◆ **Your objective**
An exact copy of all the data, minus the images, is required.

---- Stored data

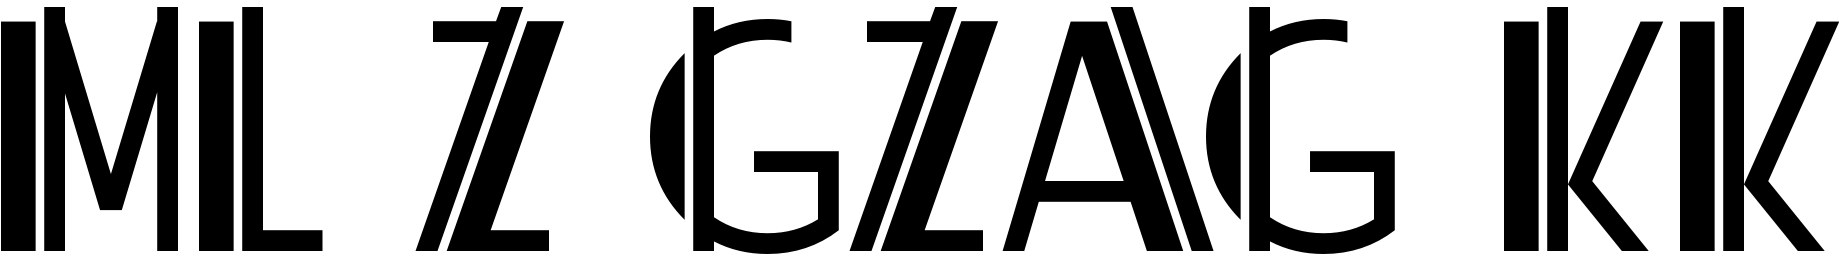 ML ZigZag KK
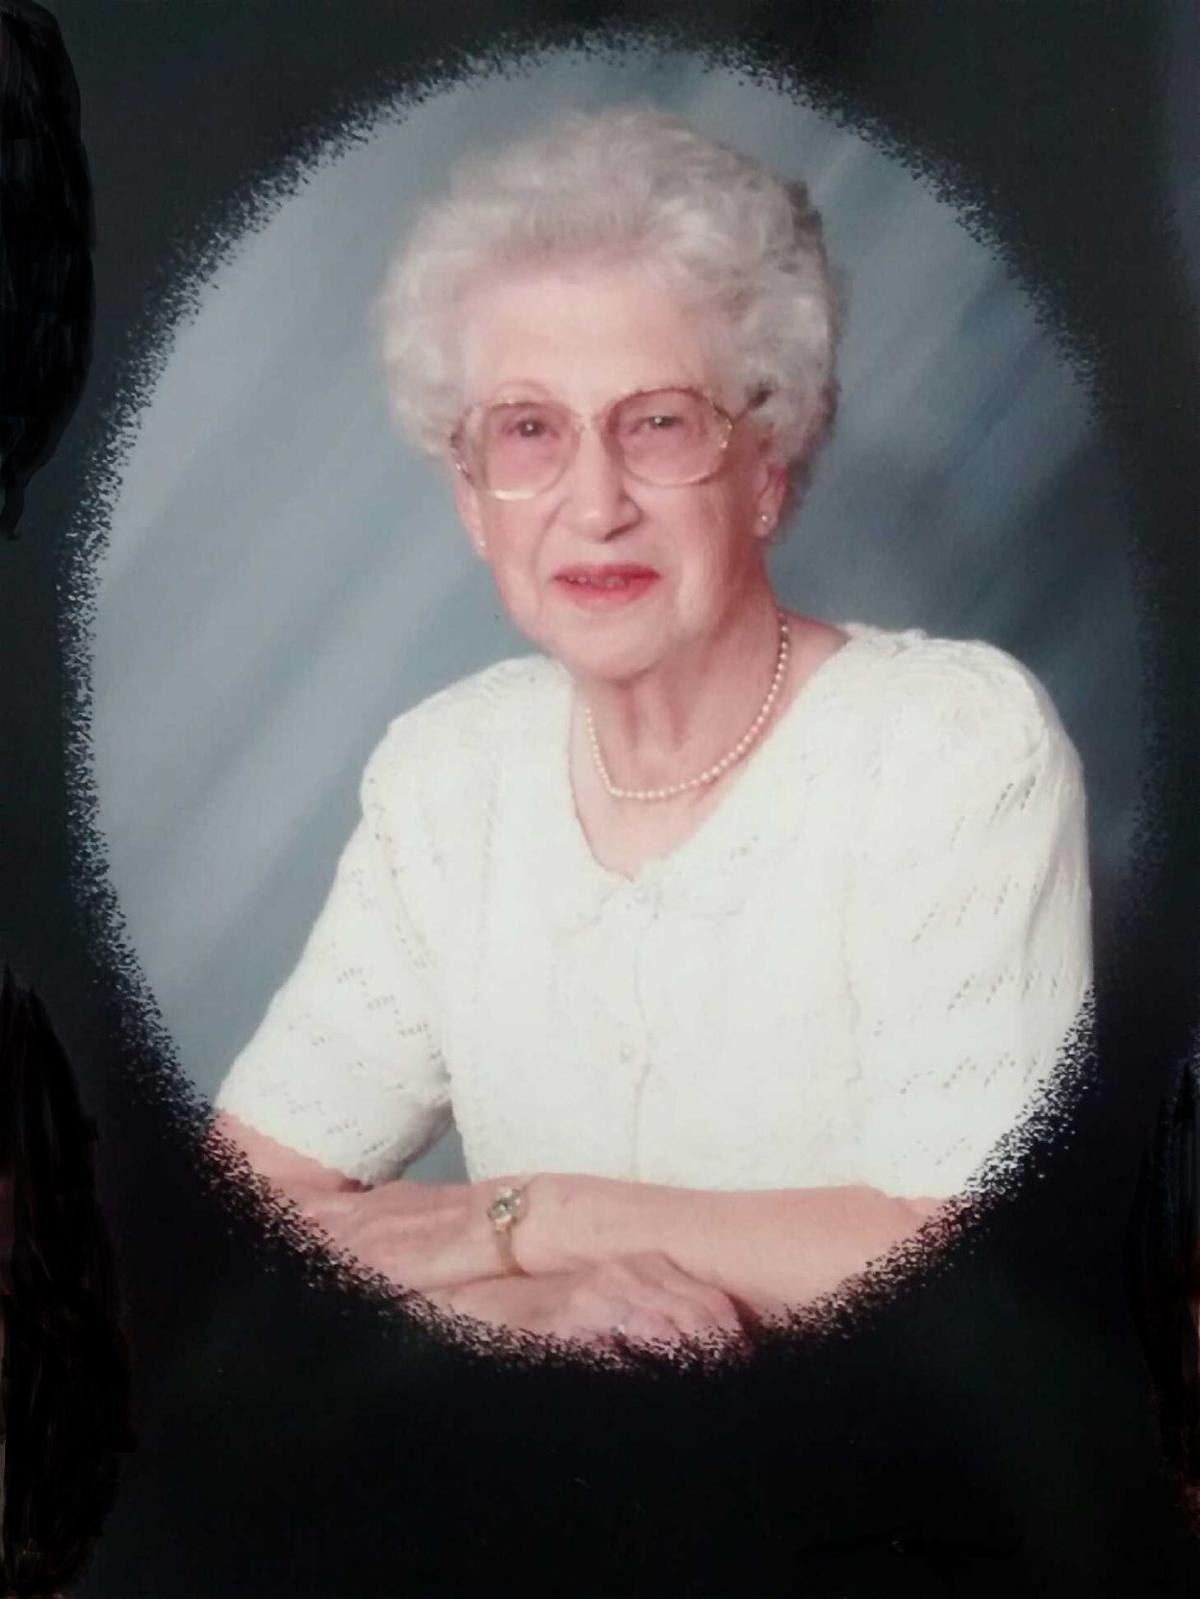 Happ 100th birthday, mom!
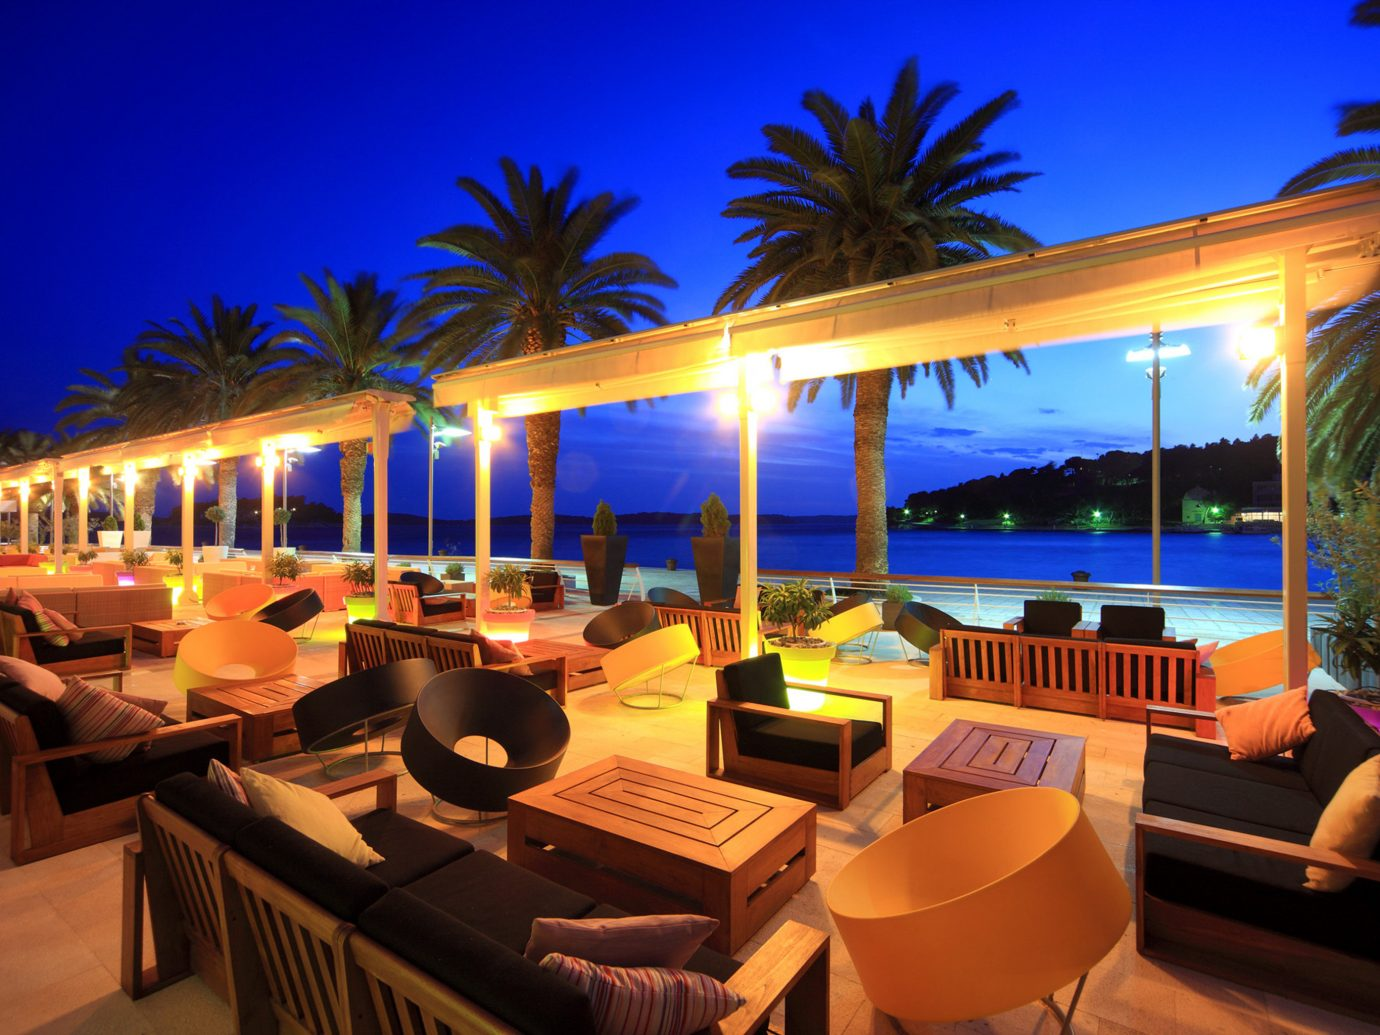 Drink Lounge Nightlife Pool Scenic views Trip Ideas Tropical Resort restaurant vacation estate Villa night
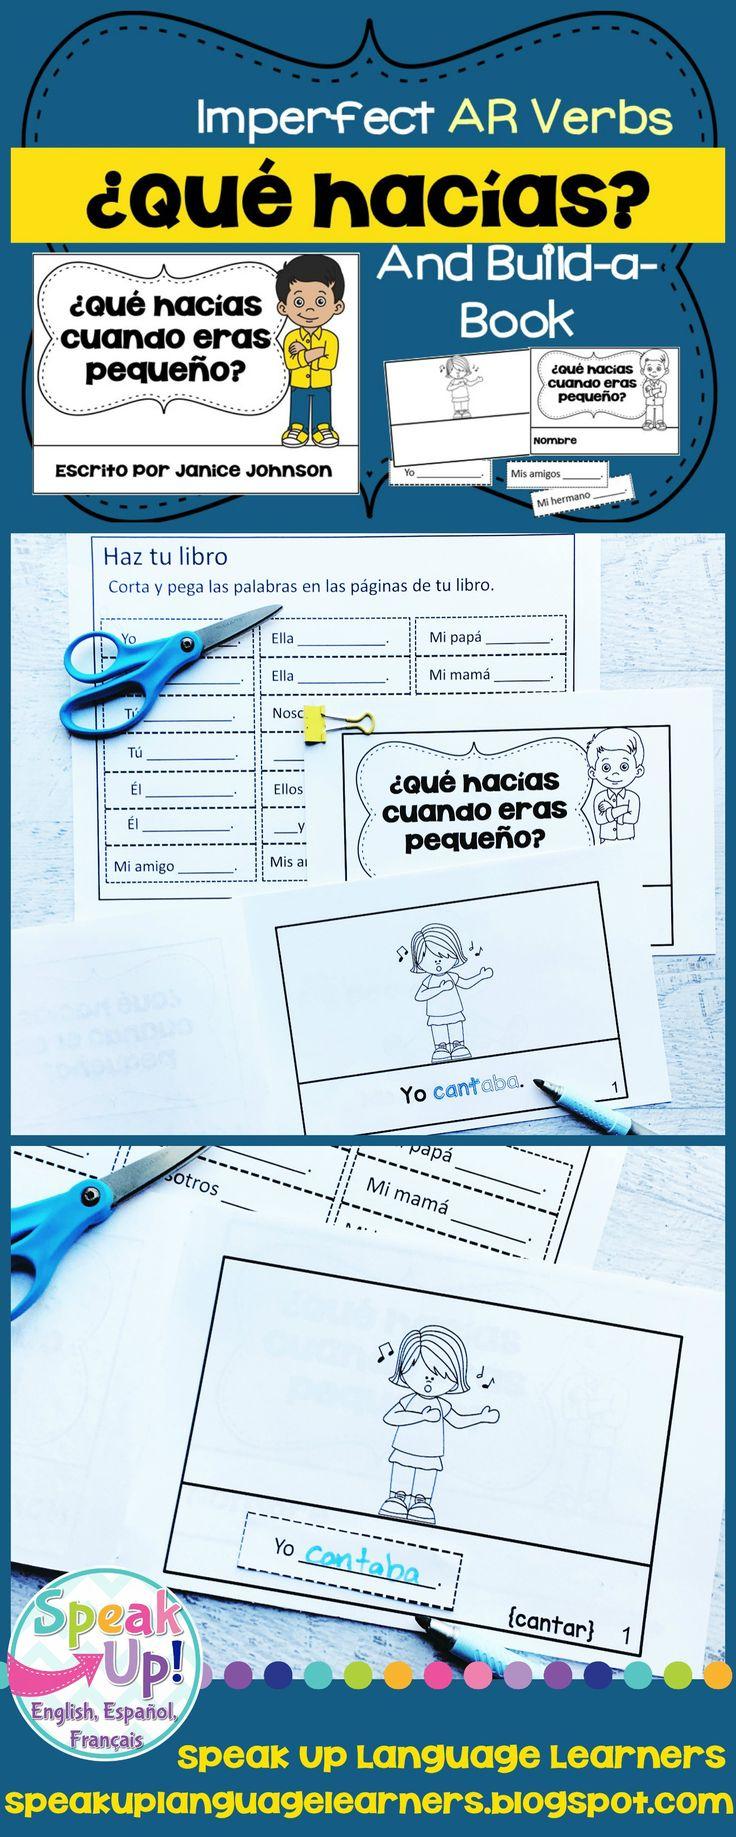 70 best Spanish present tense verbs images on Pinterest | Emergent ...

--------

◆ **Result for this task**
 ML ZigZag KK
 Happ 100th birthday, mom!
 Drink Lounge Nightlife Pool Scenic views Trip Ideas Tropical Resort restaurant vacation estate Villa night
 70 best Spanish present tense verbs images on Pinterest | Emergent ...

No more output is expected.